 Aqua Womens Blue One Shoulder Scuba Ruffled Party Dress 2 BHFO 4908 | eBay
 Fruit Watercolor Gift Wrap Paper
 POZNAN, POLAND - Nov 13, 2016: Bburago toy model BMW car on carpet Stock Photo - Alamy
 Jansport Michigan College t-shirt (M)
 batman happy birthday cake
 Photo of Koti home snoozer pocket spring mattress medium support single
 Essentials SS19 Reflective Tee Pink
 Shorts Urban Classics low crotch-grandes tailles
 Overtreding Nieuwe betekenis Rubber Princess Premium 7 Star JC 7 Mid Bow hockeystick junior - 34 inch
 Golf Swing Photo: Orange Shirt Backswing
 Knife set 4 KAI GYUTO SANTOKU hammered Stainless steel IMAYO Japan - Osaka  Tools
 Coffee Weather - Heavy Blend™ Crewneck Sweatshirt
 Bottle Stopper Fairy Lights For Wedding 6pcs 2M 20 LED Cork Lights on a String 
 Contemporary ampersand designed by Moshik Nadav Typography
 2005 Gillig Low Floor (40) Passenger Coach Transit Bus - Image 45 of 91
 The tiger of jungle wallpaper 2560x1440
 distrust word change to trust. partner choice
********************
**WHAT IS EXPECTED:**
Wherever a line of the material has the word "Photo", add it to a tally; give only the final number.

**ANSWER SECTION:**
3